- _AIM OF THE EXERCISE_
Of the records that follow, copy only the lines from the line containing "Calgary Flames Home" to the line containing "SHIB Hits Big", both included, exactly as written.

- _DATASET ENTRIES_
____

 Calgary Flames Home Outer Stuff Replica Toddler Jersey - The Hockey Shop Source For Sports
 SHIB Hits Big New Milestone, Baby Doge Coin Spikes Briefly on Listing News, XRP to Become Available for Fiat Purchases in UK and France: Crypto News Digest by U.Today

____

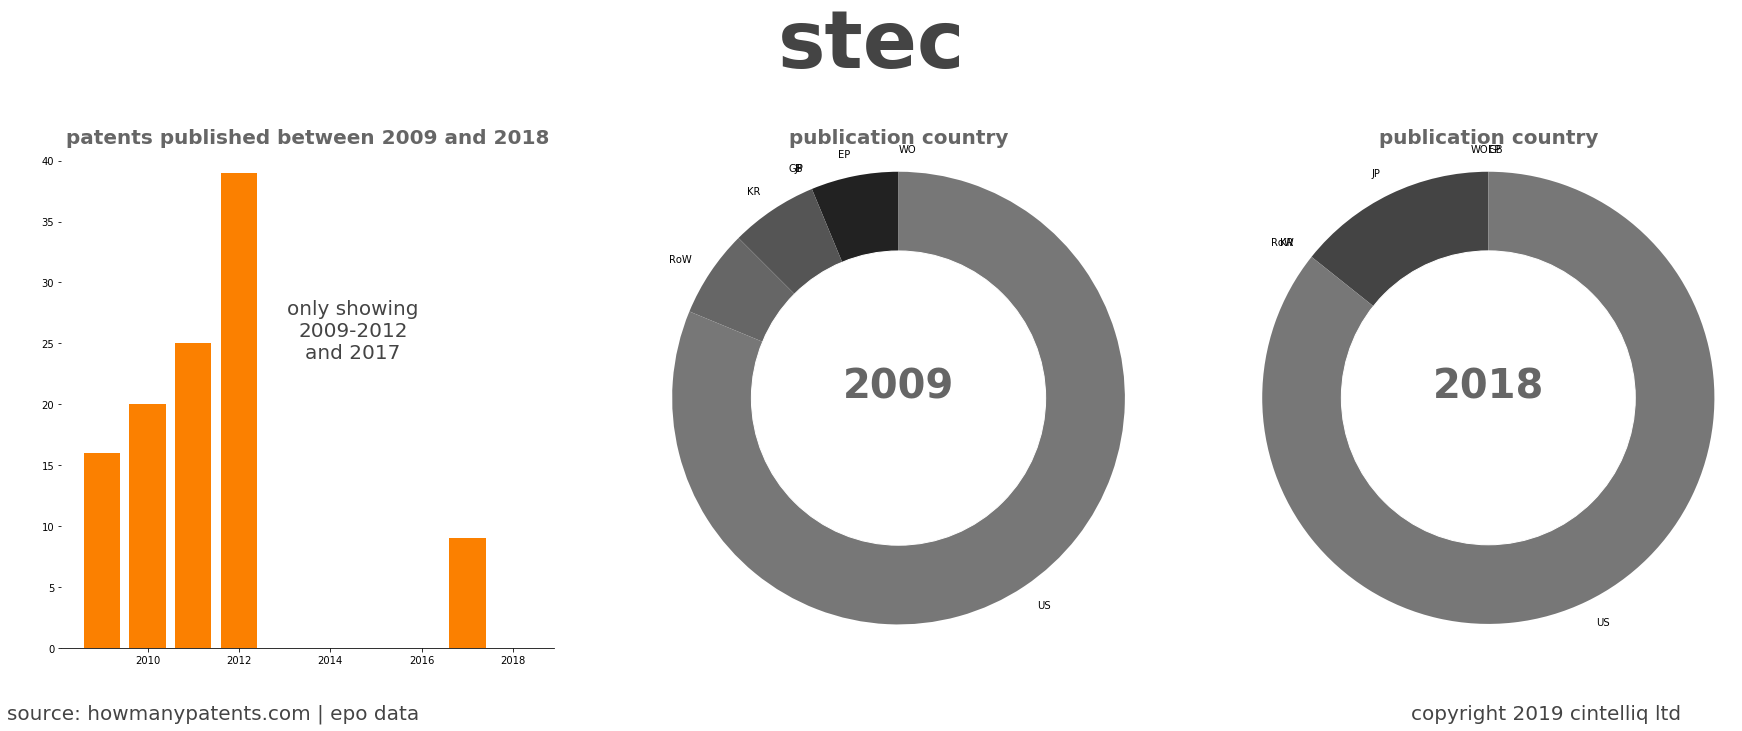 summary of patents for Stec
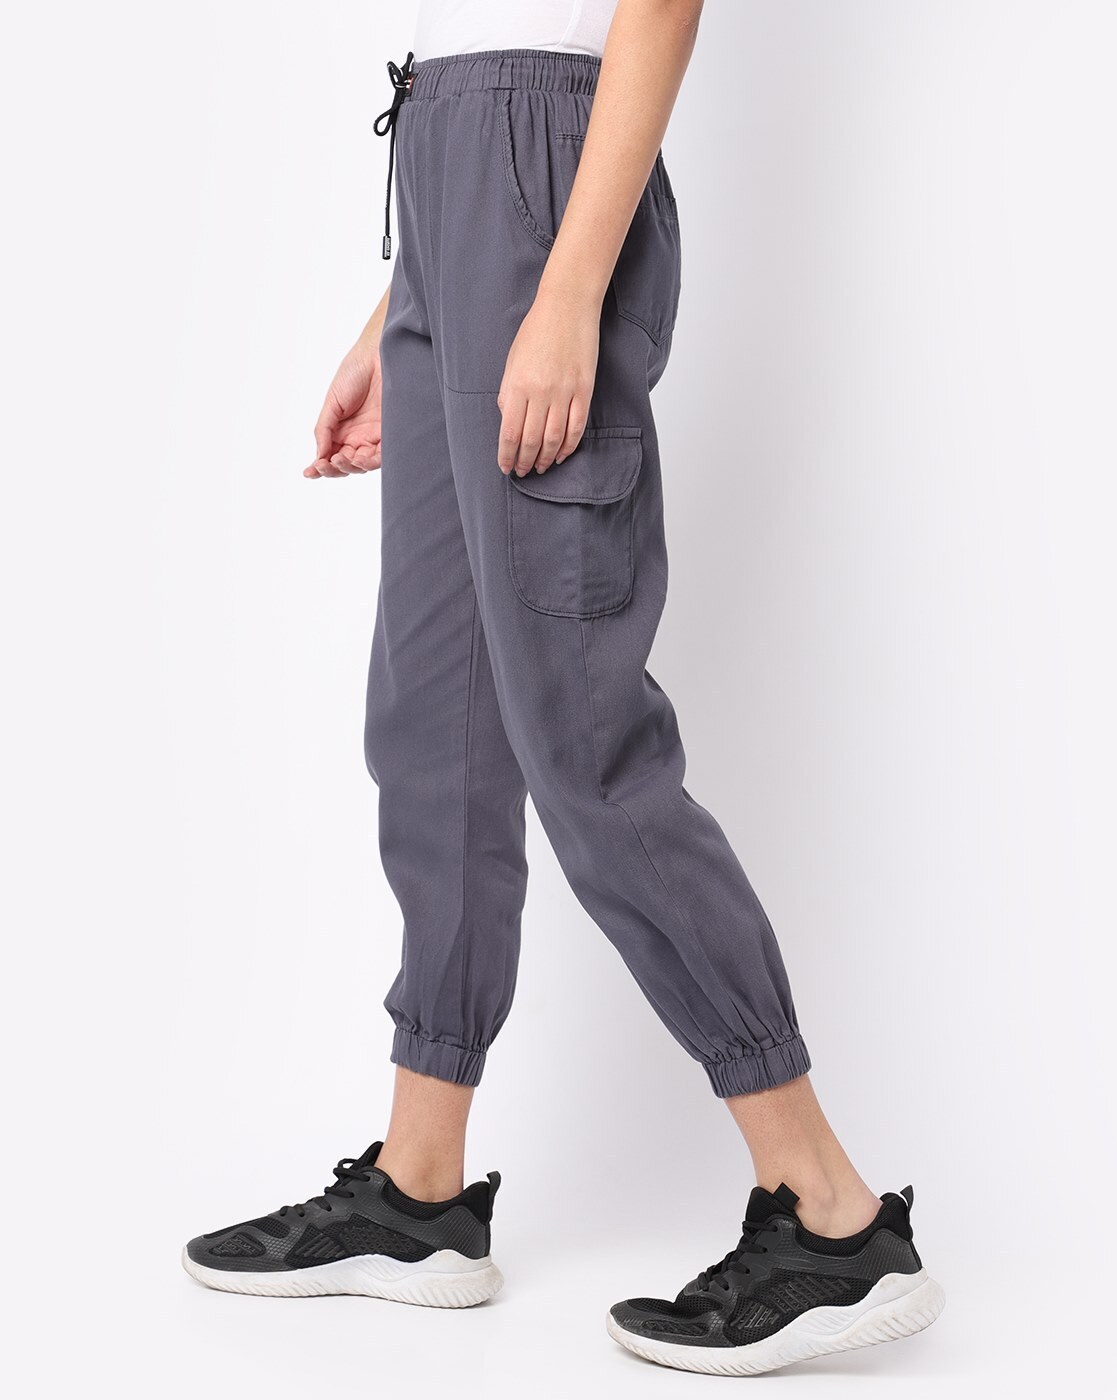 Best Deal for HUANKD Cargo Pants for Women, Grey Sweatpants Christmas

____

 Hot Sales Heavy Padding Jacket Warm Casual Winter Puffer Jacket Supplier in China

____

- _SOLUTION TO THE PROBLEM_
 Calgary Flames Home Outer Stuff Replica Toddler Jersey - The Hockey Shop Source For Sports
 SHIB Hits Big New Milestone, Baby Doge Coin Spikes Briefly on Listing News, XRP to Become Available for Fiat Purchases in UK and France: Crypto News Digest by U.Today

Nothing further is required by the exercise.